Costain has announced plans to raise new equity capital of up to £100m in the coming weeks, after revenues dropped by £326m in 2019.
The fundraising attempt has been fully underwritten by HSBC, Investec and Liberum on a standby basis, and an agreement has been reached with the company’s lenders to extend its existing bank facilities from June 2022 to September 2023, conditional on the completion of the new capital being raised by 30 June 2020.
Costain says its clients are highly focused on appointing financially strong and stable partners as their reliance on those partners has increased. However, the company believes there is a significant opportunity for the group to capitalise on the growing infrastructure market opportunities available.
The company says that to provide additional headroom in the current environment to effectively manage working capital flows in the business, the board has concluded that it is in the best interests of the group to raise up to £100m of new equity to strengthen the group’s balance sheet.
In 2019, the company says its net cash position was impacted by a number of market factors and performance issues on certain contracts.
The group says it has implemented revised processes to ensure that suppliers are paid promptly, with the average time taken to pay invoices reduced to 34 days, moving into line with sector best practice, from 58 days in the same period in 2018, reducing cash held by £15m.
Structural market changes, including the level of cash held in joint operations and project bank accounts, have also increased pressure on the group’s general working capital requirement.
Contract issues also proved problematic for Costain in 2019, with the A465 contract landing a £37m blow to cash outflow, the Diamond arbitration costing £9.7m in the year, and delays to the start of new contracts and a contract cancellation also reducing 2019 profits by £16m.
In addition, the increased forecast costs and contract receipts on National Grid Peterborough and Huntingdon contract is expected to have a temporary working capital impact during the period of the contract, which is anticipated to complete in October 2021.
Costain’s full year results for the year ended 31 December 2019, show underlying operating profit of £17.9m (2018: £52.5m), which the company says is in line with its revised expectations as set out in a trading update on 12 December 2019.
The company also pointed to continued strong momentum in securing new work, with £1.7bn of new contract awards and extensions to existing contracts secured during the year, with the order book, as at 31 December 2019, standing at £4.2bn.
The group says it continues to have a positive net cash position, which as at 31 December 2019 was £64.9m (2018: £118.8m). Of this, approximately £35.0m (2018: £30.0m) reflects positive timing receipts at the year end which reversed in the early part of 2020.
Alex Vaughan, Costain’s chief executive officer, said: “2019 has been a year of transition for Costain as we began the implementation of our Leading Edge strategy to reshape and focus our business. Our underlying financial performance was impacted by delays to certain contract start dates and new awards, together with a contract cancellation and the loss resulting from the A465 arbitration. However, we are pleased that the Group has continued to secure significant new work during the year.
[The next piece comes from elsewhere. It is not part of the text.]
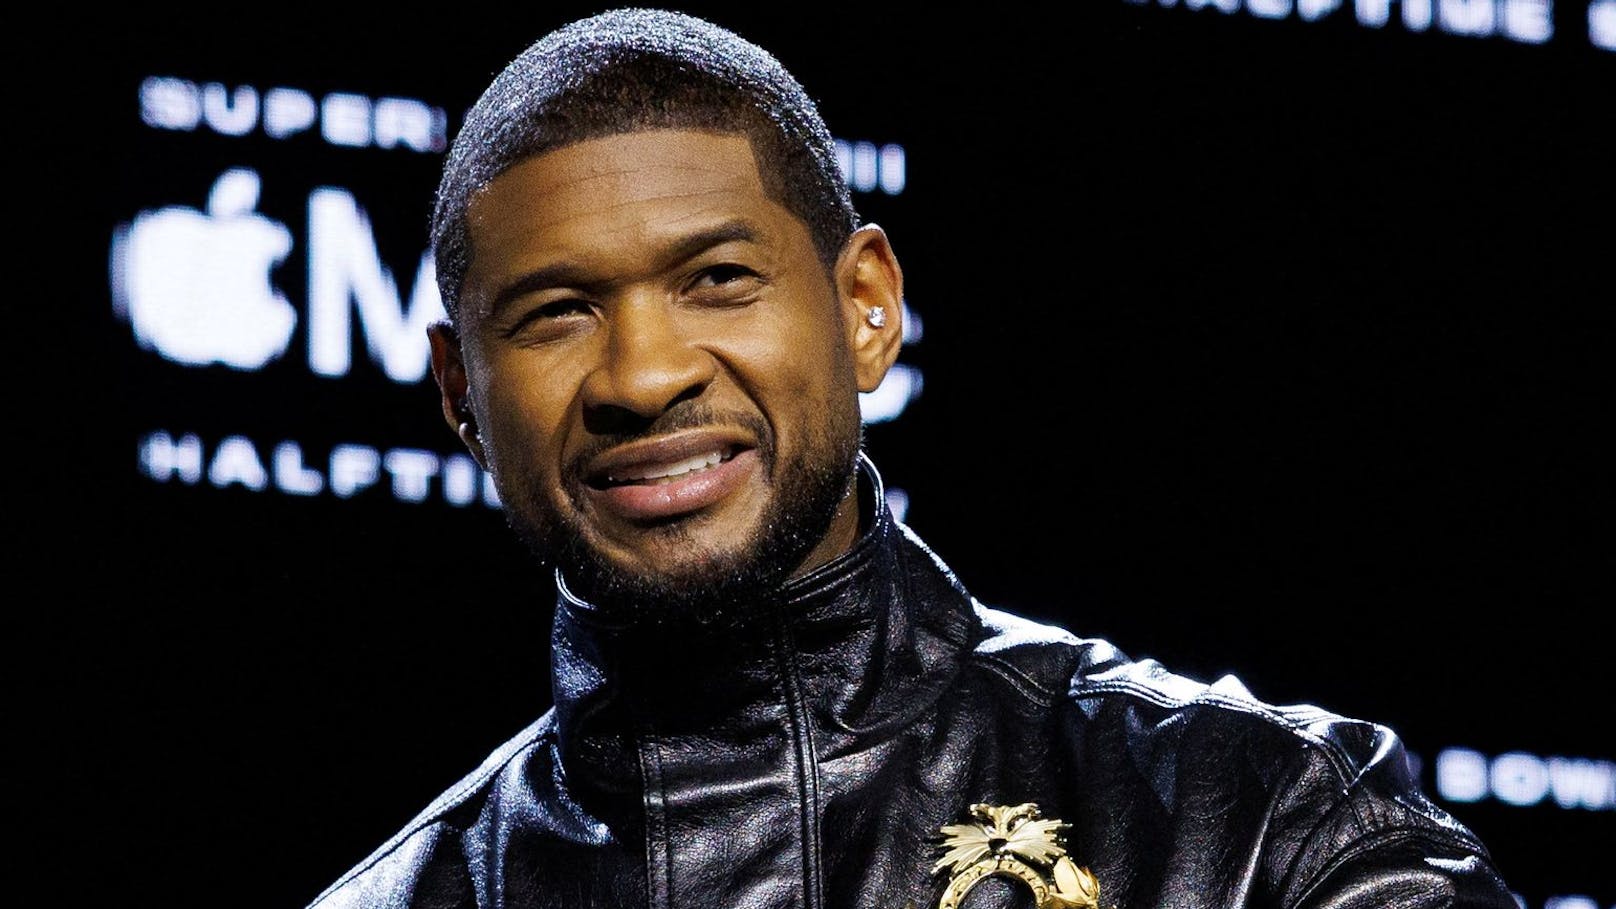 "Nach wilder Nacht verschwunden": Sorge um Usher?

“The UK infrastructure markets are growing and developing rapidly, with increasing demand for innovative solutions to upgrade, enhance and decarbonise the nation’s strategic infrastructure. This is a significant opportunity for our business and we are well placed, with our breadth of integrated services, to benefit from these market dynamics.
“Strengthening our balance sheet will enable us to capitalise on these opportunities and further enhance our capabilities.”
Rothschild & Co is acting as financial adviser to Costain on the Capital Raising.